Discussion
Here we elucidate a possible RL-based platform which would help robotic
arms to precisely deploy or remove activator molecules at specific time
points during T-cell activation to ensure maximum number of activated
cells (i.e., peak therapeutic potential) prior to pushing them back to
the patient. As a steppingstone, cell growth parameters were directly
obtained and inferred from literature to simulate the spatial and
temporal stochasticity of CAR T-cell activation and expansion with
reasonable fidelity. These simulation parameters, like tuning knobs, can
be updated to reflect accurate metrics of cell growth in a plug-and-play
fashion for a given experiment. Before deploying this neural engine
(agent) for a specific experiment, we first pre-train it to understand
properties of the cell type at hand and its physiochemical attributes.

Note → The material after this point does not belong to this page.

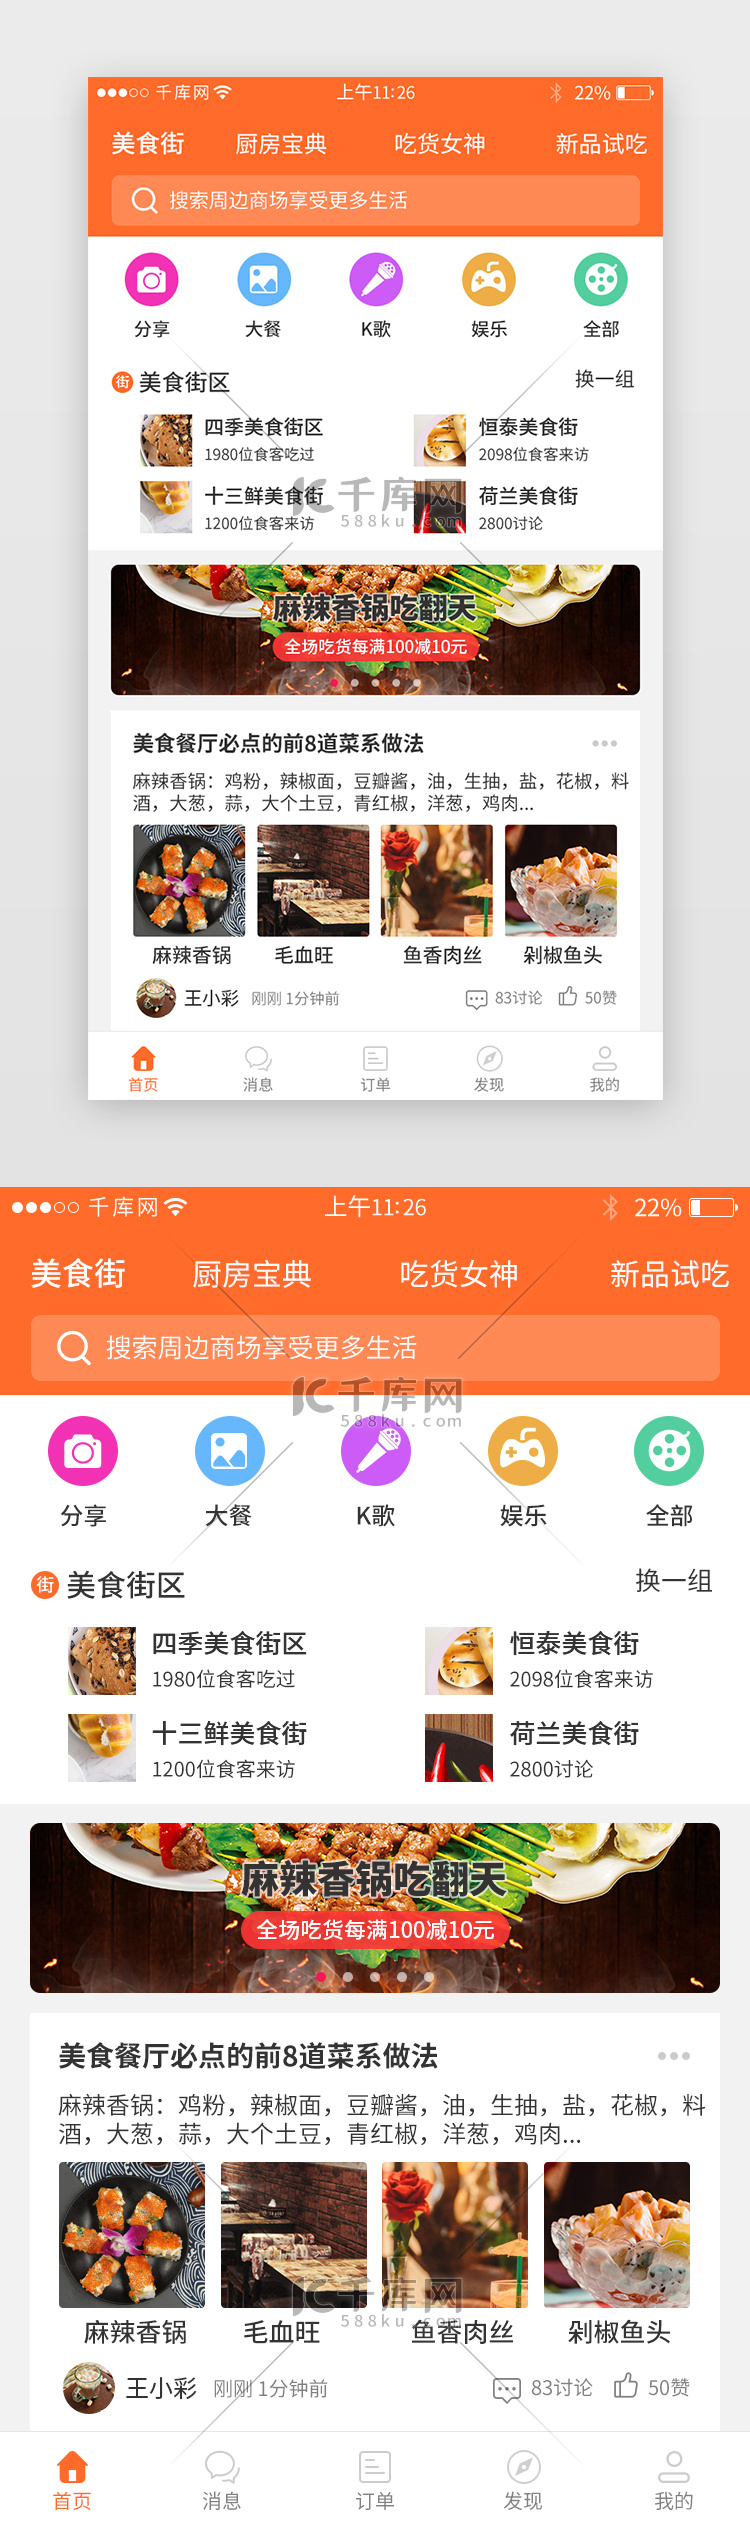 橙色系美食app界面设计
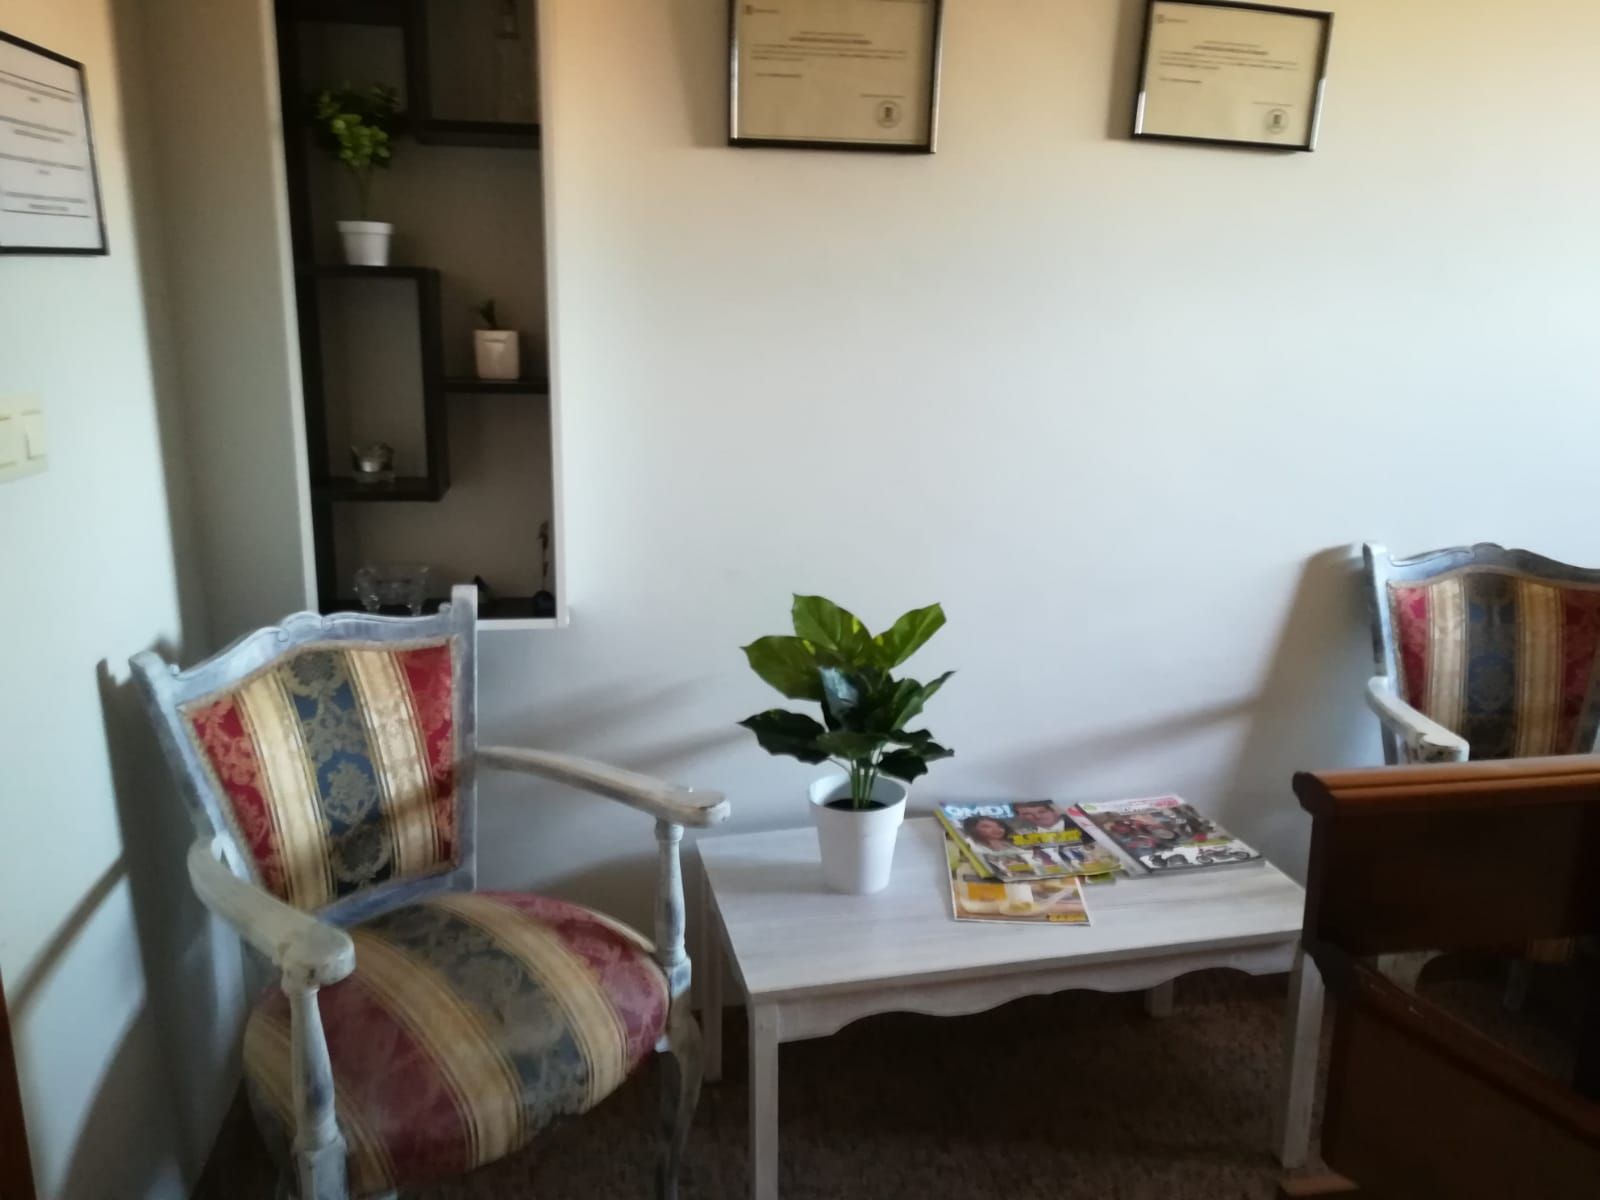 Zonas comunes y sala de espera con diseños adecuados para familiares y residentes

This should reduce the number of training runs required in the physical
environment. The platform also pinpoints key patient-specific humoral
parameters that should be measured and imputed to an in-silicomodel – thereby making this relevant for personalized, point-of-care
therapeutics. The observables (physical parameters or snapshot of a
lattice of cells) from the physical environment collected as sensor
output or imaging data, will be continuously fed as input to RL to
device the best dosing policy to maximize activated cells. Continued
research on accurate, non-invasive, real-time measurement techniques to
enumerate cell types during culture will provide faster training
performance. With an improved and realistic simulation and adequate data
on patient-specific cell parameters, one could adjust the simulation
parameters (Table 1) and perform pre-training of the control strategyin silico before coupling to the physical environment. The
simulation would consequently inform the type of sensors needed for the
physical environment. It would also show how much noise the agent can
accommodate before it fails to learn anything at all. With a large
amount of measurement noise, the agent will likely (a) disregard the
noisy observation parameters (e.g., cell number, cell type, and
potency), and (b) fix a redundant policy based only on simulation step
count.
Notwithstanding, one possible reason for the agent’s ineptitude to learn
solely from a discrete image input (Figure 3) owes to the lack of
connection with the preceding and succeeding time-points. Thus, it
becomes next to impossible to gauge whether a certain action (dosing)
indeed helped in maximizing the number of robust cells. To this end, we
hope that instead of just providing one disembodied frame, if we exposed
the model to short stacks of three to five consecutive frames, the
learning rate and gains might improve – but we leave this as an
exercise for the future.
Moving forward, this cell-activation routine guided by RL can be used as
a template for other model-free, stochastic biological applications.
Apart from CAR T-cell activation, this bears promise to unravel hitherto
unknown biological policies opted by nature such as – the underlying
optimization of cell differentiation and cell proliferation. With the
advent of modern generative algorithms and data driven approaches, we
can hypothesize that it will be possible to create digital twins of cell
culture environments. Additionally, this 2D simulation can be updated to
a 3D environment representing more realistic growth conditions in static
reactors (multilayer growth). Possible further experiments are enlisted
on Supplement 8. In addition, this work provides a basis to benchmark
Transformer , and DAL-e based implementations of the same, which are
finding increasing applicability in different domains of biology. A
library of such pre-trained models enacted by robotic arms for precision
dosing would be useful to match the range of cell types handled by
clinics of tomorrow. This will enable effective control of activation
and expansion and get more efficacious therapies to patients faster.